4 things to consider when preparing the perfect garden site

Once you've decided where you're going to set up your garden, there is preparatory work to be done. The garden site needs to be cleared of rocks, plants, weeds, lawn, undergrowth and all garbage. Here are some more steps for preparing the perfect home garden.

4 things to consider when preparing the perfect garden site

Removing and relocating plants and trees

  • In some, particularly suburban, areas municipal permission must be granted to remove trees over a certain height.
  • In rural areas, even if permission is not required, trees should not be cleared without some thought as to their conservation value and the effect their removal may have on the soil.
  • Where possible, consider relocating plants.
  • For trees and shrubs that must be cleared, remove all roots to free the soil in readiness for the garden.
  • If possible, contact local organizations for guidance on rural land management and methods of creating a garden that does not threaten the surrounding native vegetation.

 

 

 

Removing weeds

  • Weeds should be eradicated before the garden is established, as they will become a persistent nuisance if given the chance to multiply.
  • Annual weeds that carry their seed in their flowerheads, such as chickweed, should be lifted before they have an opportunity to produce seed.
  • Deep-rooted weeds such as dandelion should be lifted completely with their deep tap roots.
  • Weeds with creeping roots such as buttercup are always hard to eradicate because the entire root system needs to be lifted.
  • Avoid using chemical herbicides on ground where food crops are to be grown; instead, undertake systematic hand-weeding.
  • Be prepared to invest labour in this chore in order to break the regeneration cycle of the weeds.

Removing rock

  • If you need to clear away surface or underground rock, favour removal by hand wherever possible.
  • A small backhoe or other earth-moving machine may be required to shift troublesome stones and rocks, but the equipment may cause some undesirable compaction of the soil structure.
  • Large rocks and stones are valuable so set them aside for later use in built-up beds, retaining walls or terraced gardens.

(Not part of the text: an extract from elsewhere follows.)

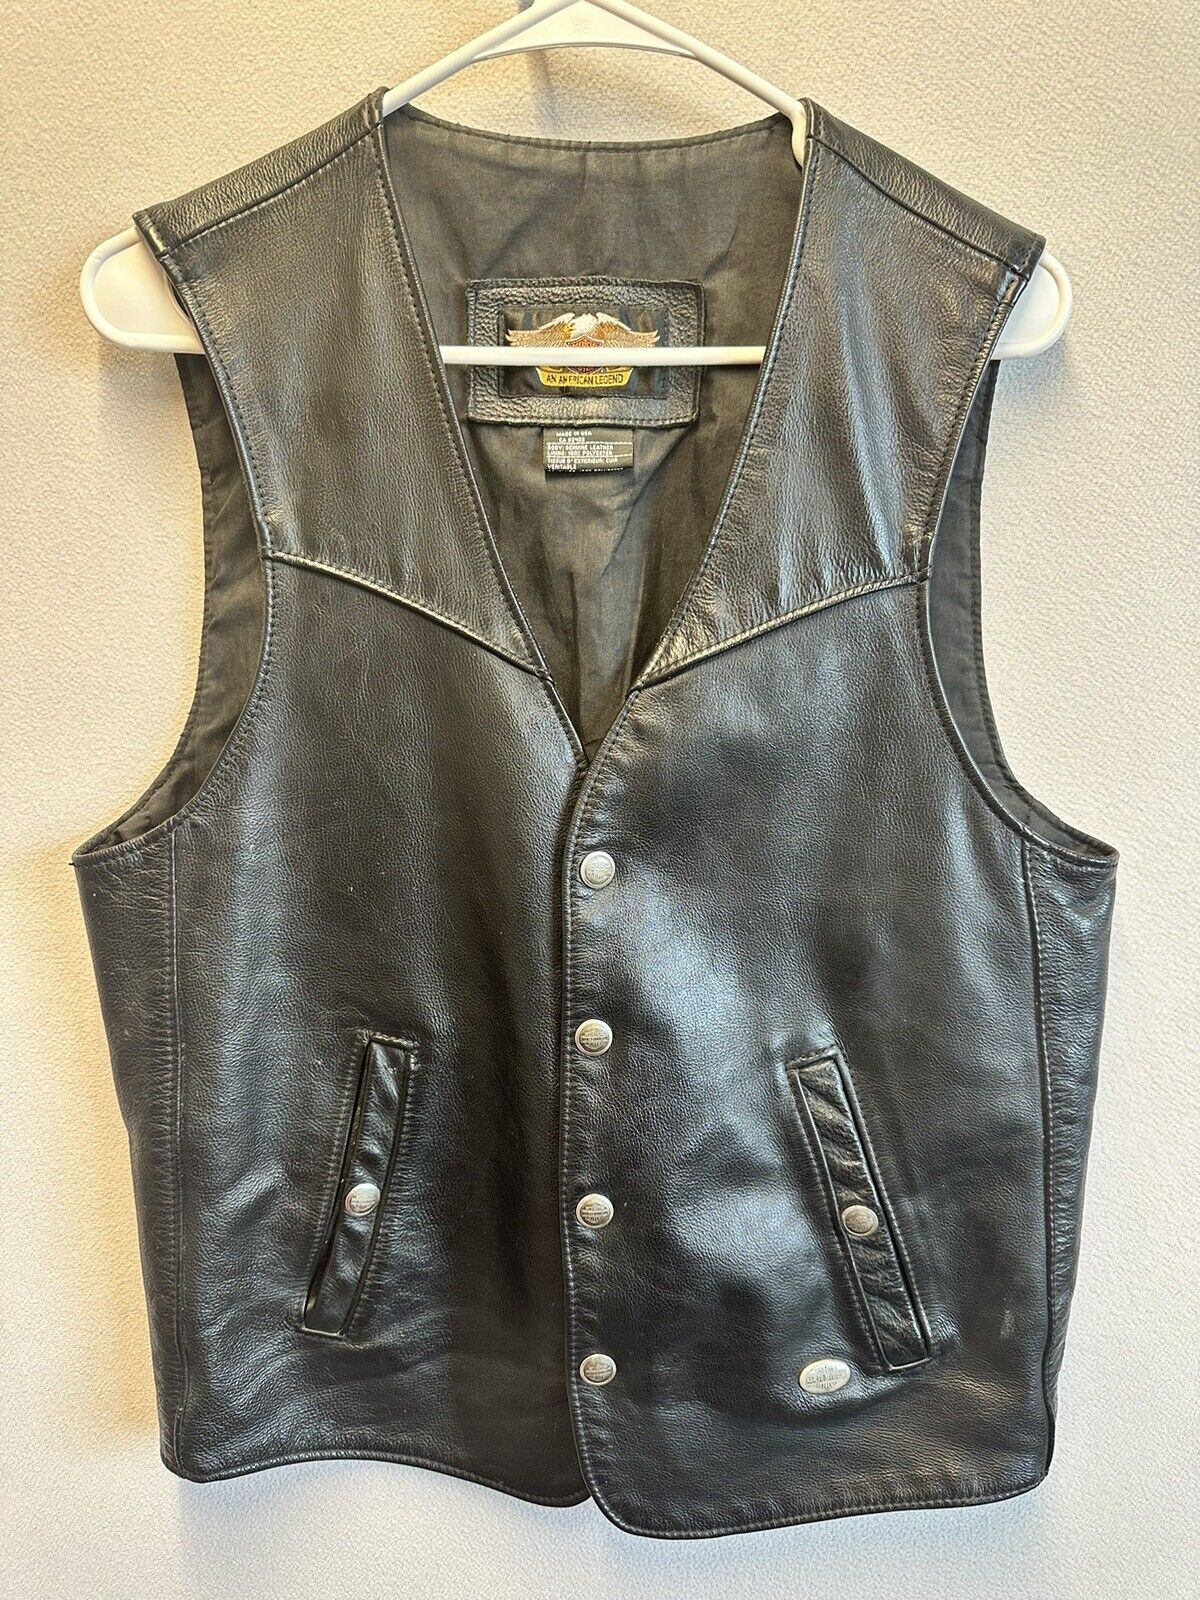 Vintage Men’s Harley Davidson Leather Button Up Biker Vest Made In USA Size M

Converting lawn to garden beds

  • Suburban vegetable gardens are often created in areas that were once lawn.
  • Lawn can be lifted, square by square, and either used as turf in another part of the garden or turned over (root side up) and left to break down as compost.
  • The lawn can be ploughed into the ground using a rotary hoe or tiller (or a spade if you have plenty of muscle power and energy).
  • Turning the lawn into the soil should be done several months before the start of the first growing season, as it may regrow and require further hoeing. When using this method, spread a thick layer of manure over the ground after any second hoeing and allow it to break down properly before planting begins.

By following these simple steps, you can take a new look at your landscape and plan accordingly to create the perfect garden of your dreams.